WORK INSTRUCTION: Output every line of the material exactly, omitting images.

DATASET EXCERPT:
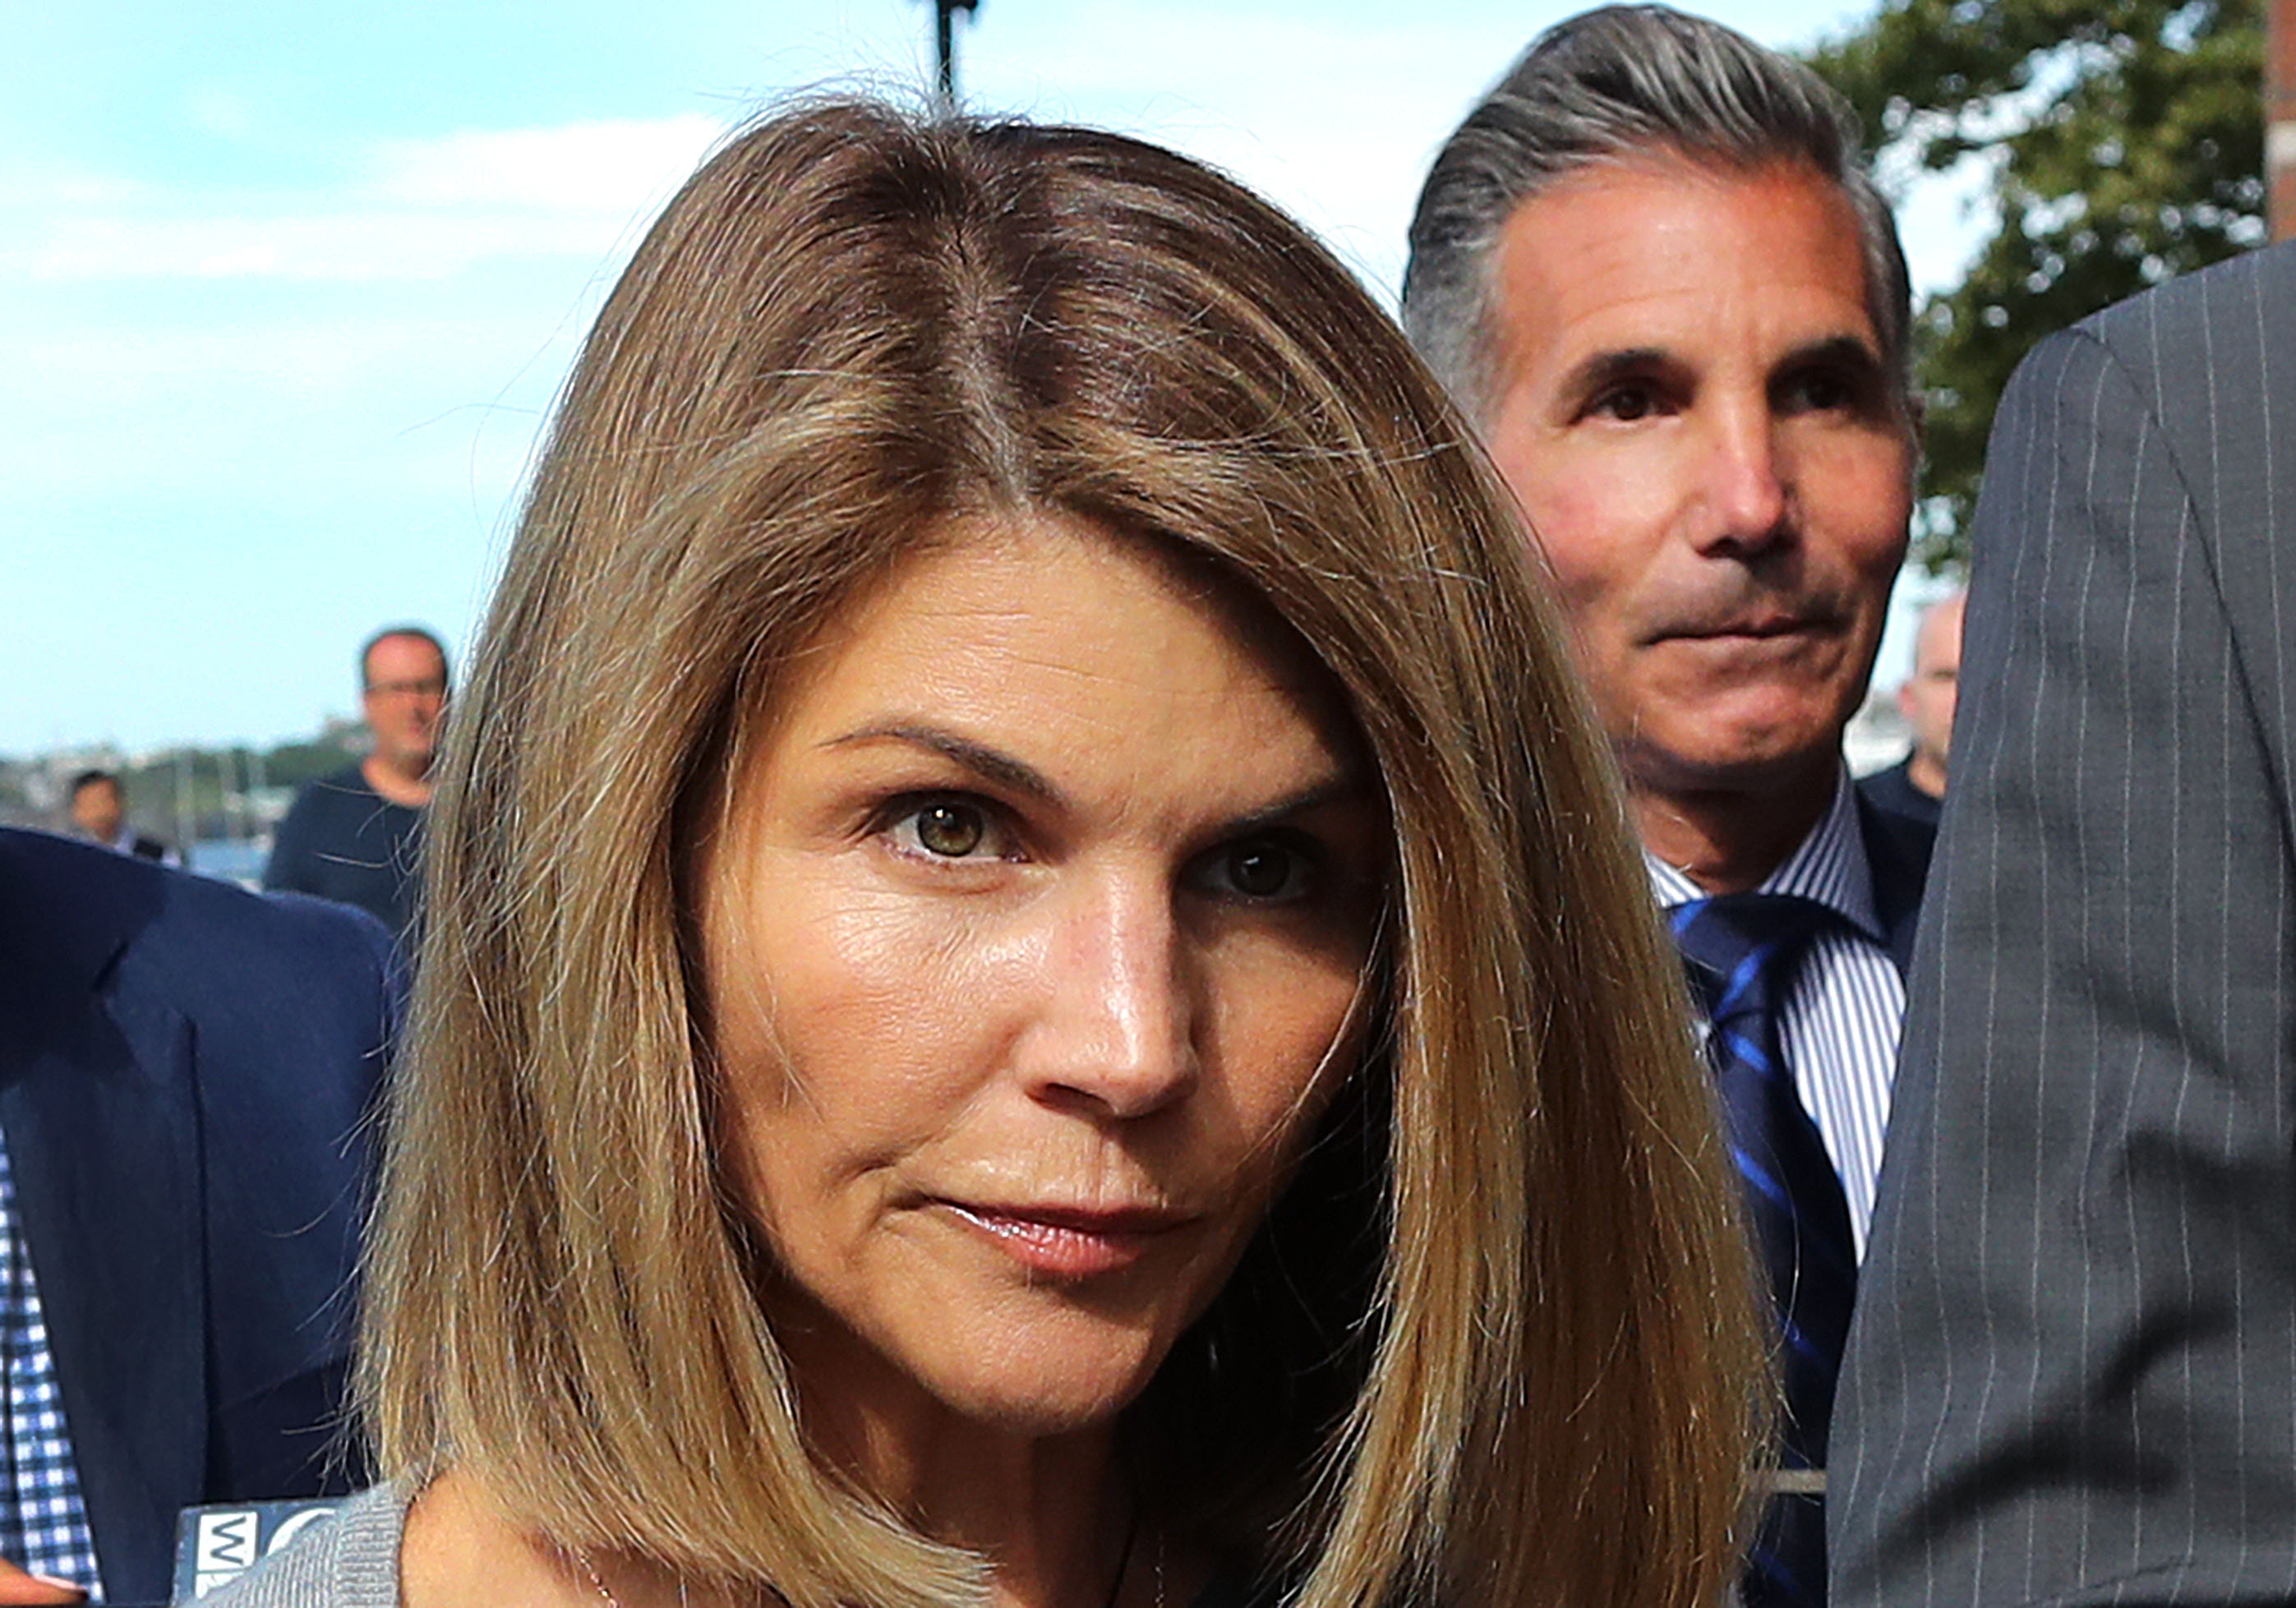 Lori Loughlin, with Mossimo Giannulli behind her
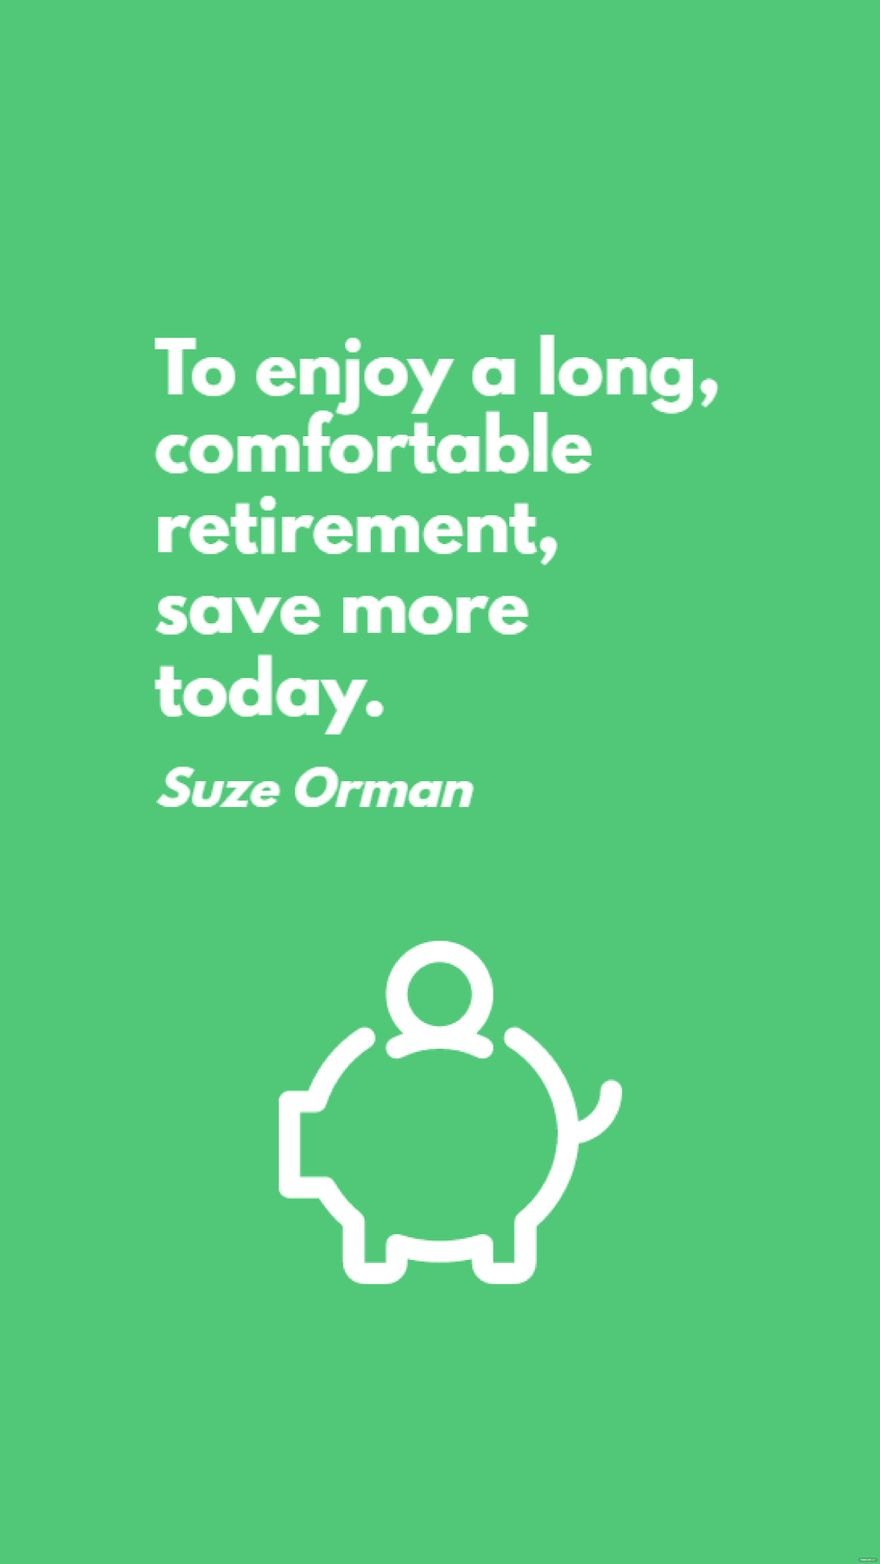 Suze Orman - To enjoy a long, comfortable retirement, save more today. in JPG
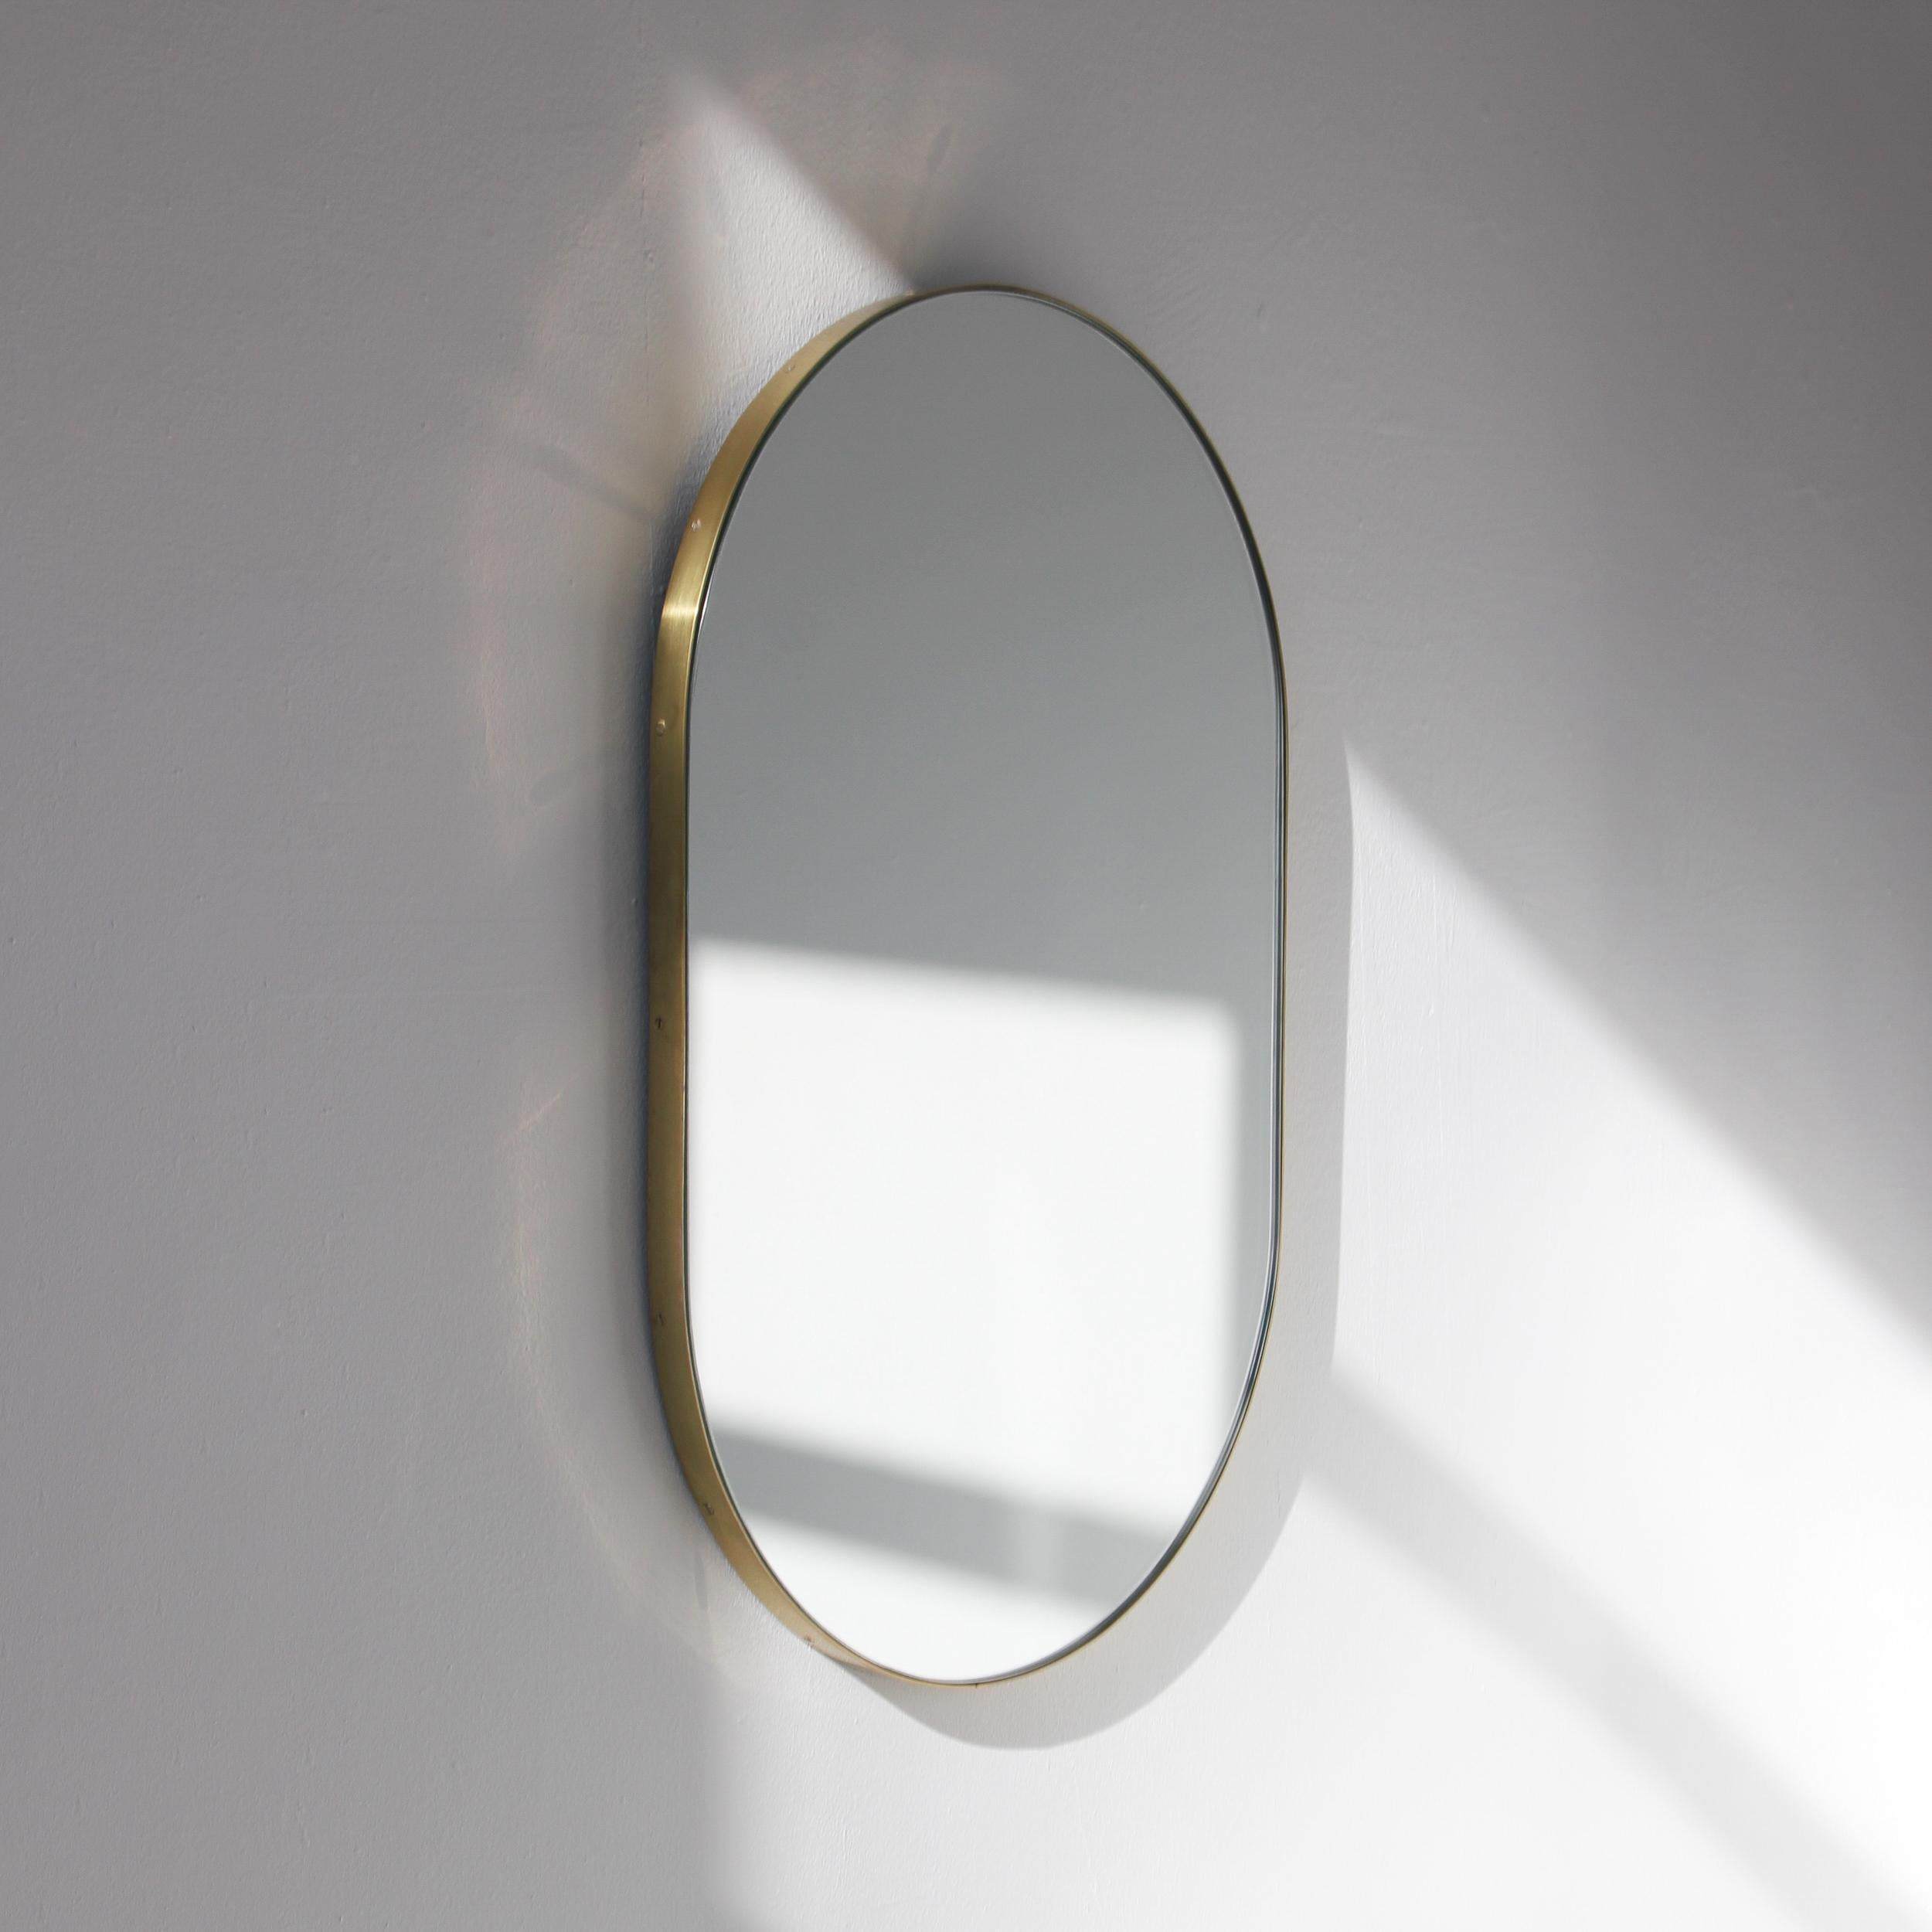 British In Stock Capsula Pill Shaped Mirror with Demister Pad, Brass Frame, XL

YOUR RESPONSE:
 Lori Loughlin, with Mossimo Giannulli behind her
 Suze Orman - To enjoy a long, comfortable retirement, save more today. in JPG
 British In Stock Capsula Pill Shaped Mirror with Demister Pad, Brass Frame, XL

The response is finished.